ESP32 takes readings from water meters and transmits them “where needed”
There are hundreds of articles online about using ESP32 to take meter readings, but almost all of them are about integration with a smart home. My implementation option solves a practical problem – it simply transmits the readings itself, relieving me of this task.
The main difference between my solution and those I have seen is maximum autonomy and ease of control and management. ESP32 independently communicates with a website that receives meter readings using a built-in http client. The process is controlled and managed by the telegram bot built into the ESP32.
The project itself is published here.
I began to solve this problem by studying the API of the sites that I used to transmit readings. In my case it was websites https://www.mosenergosbyt.ru/ And https://mosobleirts.rf/. I explored the API in a trivial way, using F12 in my browser. We launch the page debugging mode, enable recording, authenticate, transmit readings and examine POST methods that usually transmit and receive json objects as responses.
I didn’t like the API of the Mosenergosbyt website. They use plugins and for different cities and streets API requests can vary significantly, making the publication of the results of the work practically useless and uninteresting. But the Mosobleirts website has a fairly clear and unified API.

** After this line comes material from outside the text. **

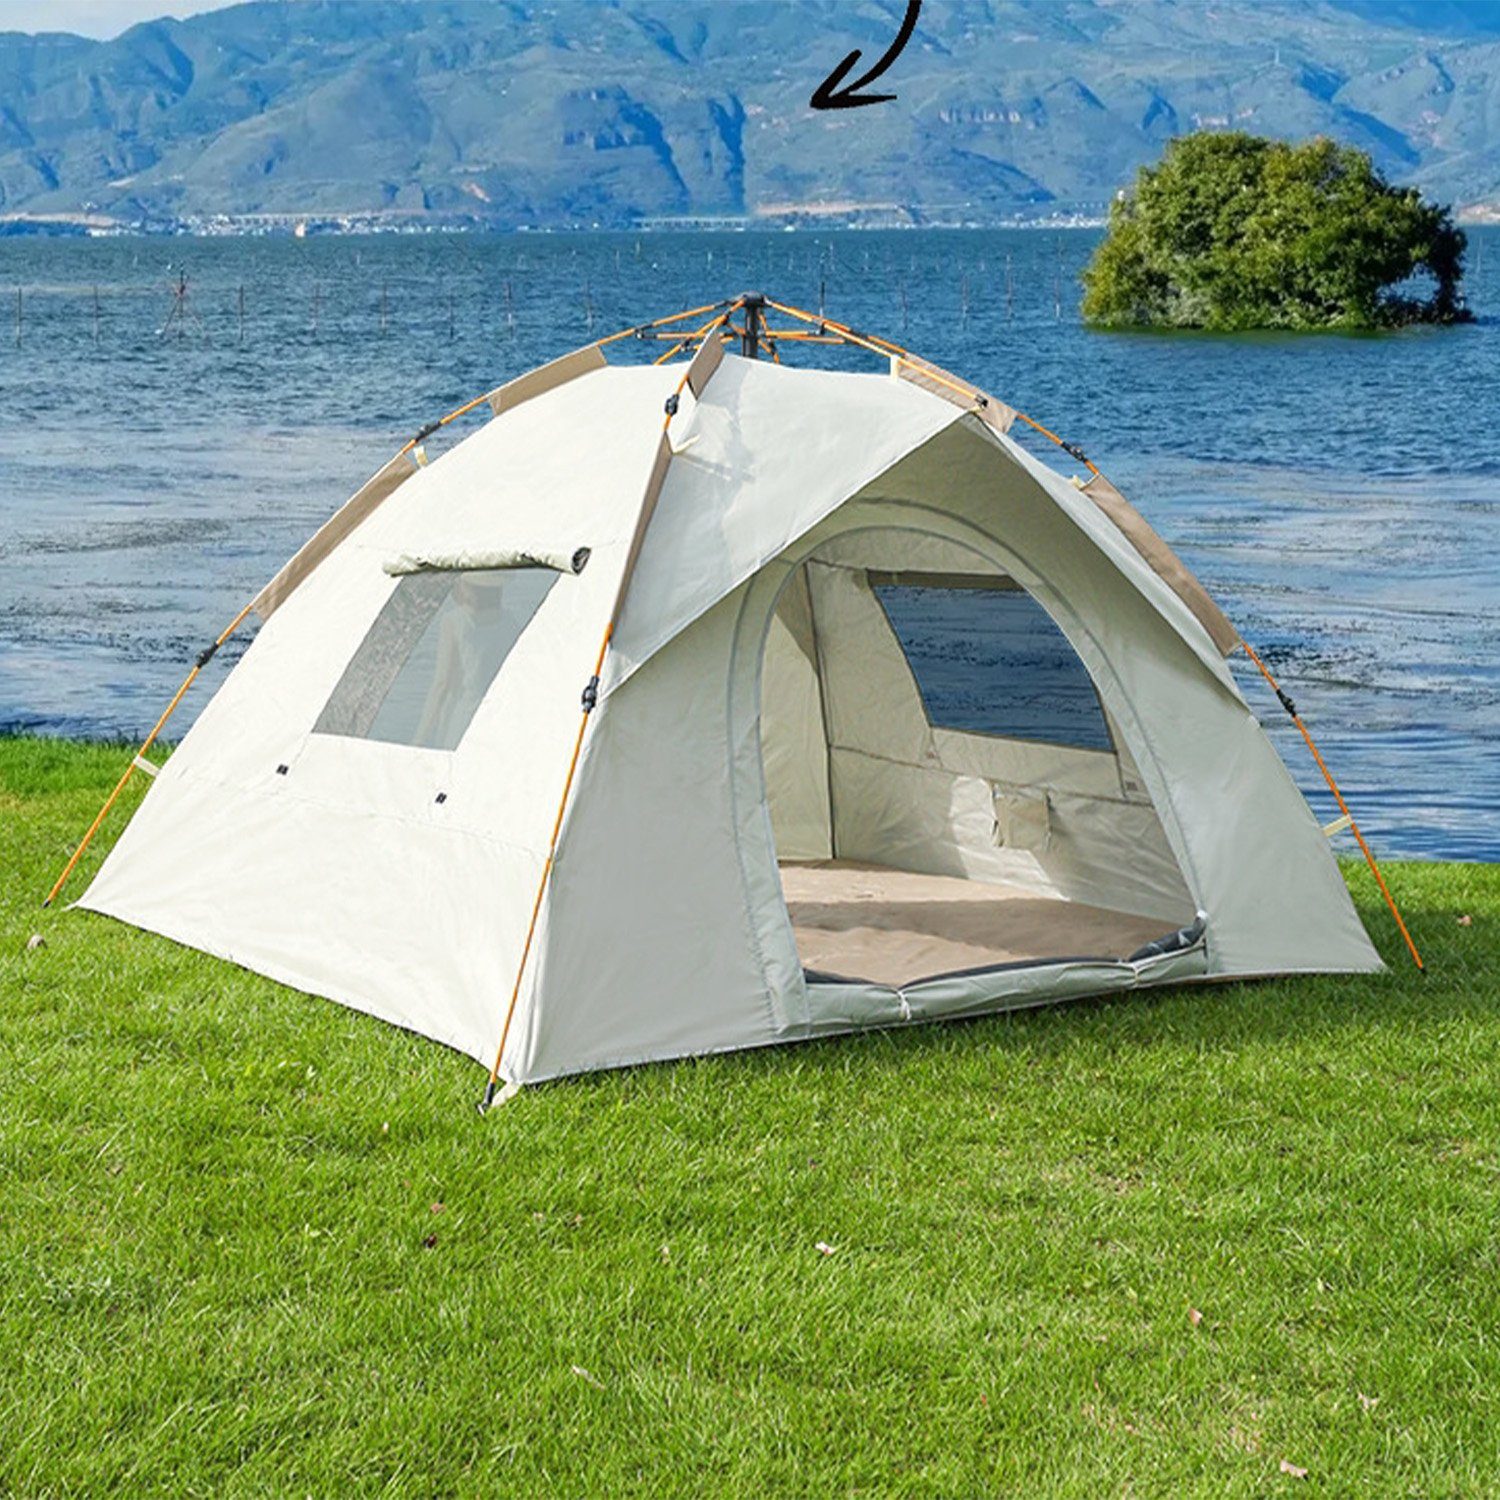 FIDDY Vorzelt Zelt für den Außenbereich, tragbar, faltbar, vollautomatisch, Personen: 2 (Camping Beach Quick Open Camping Silberkleberbeschichtung, Verdicktes regensicheres Doppel 200 * 150 * 135 cm)

I’ll say right away that I immediately discarded the Housing and Communal Services GIS due to the complexity of authentication, linking to government services and 2FA. However, if there is a token authorization system and someone knows how to use it, then it would be interesting to adopt such experience.
It was decided to control the process using a telegram bot built into the ESP32 itself. The bot is based on the library https://github.com/GyverLibs/FastBot The bot allows you to set initial reading values, adjust them as necessary, view the current status, control the process of transmitting readings, and at the same time remind you of the date of the next meter verification.
The meters, of course, must be equipped with reed switches, the pulses of which are read by the controller. I tried options for counting pulses based on interrupts, and with hardware and software anti-bounce protection. I settled on software protection based on timers. It turned out to be the most practical and reliable option. Test operation for two months showed almost 100% accuracy of pulse counting. This option does not require any wiring; the wires from the meters can be connected directly to the controller pins. The calculated values are stored in the controller’s non-volatile memory to survive power outages.
In short, this is probably all the most interesting things about my craft. If anyone is interested in this, I would be happy to answer questions and write more detailed material.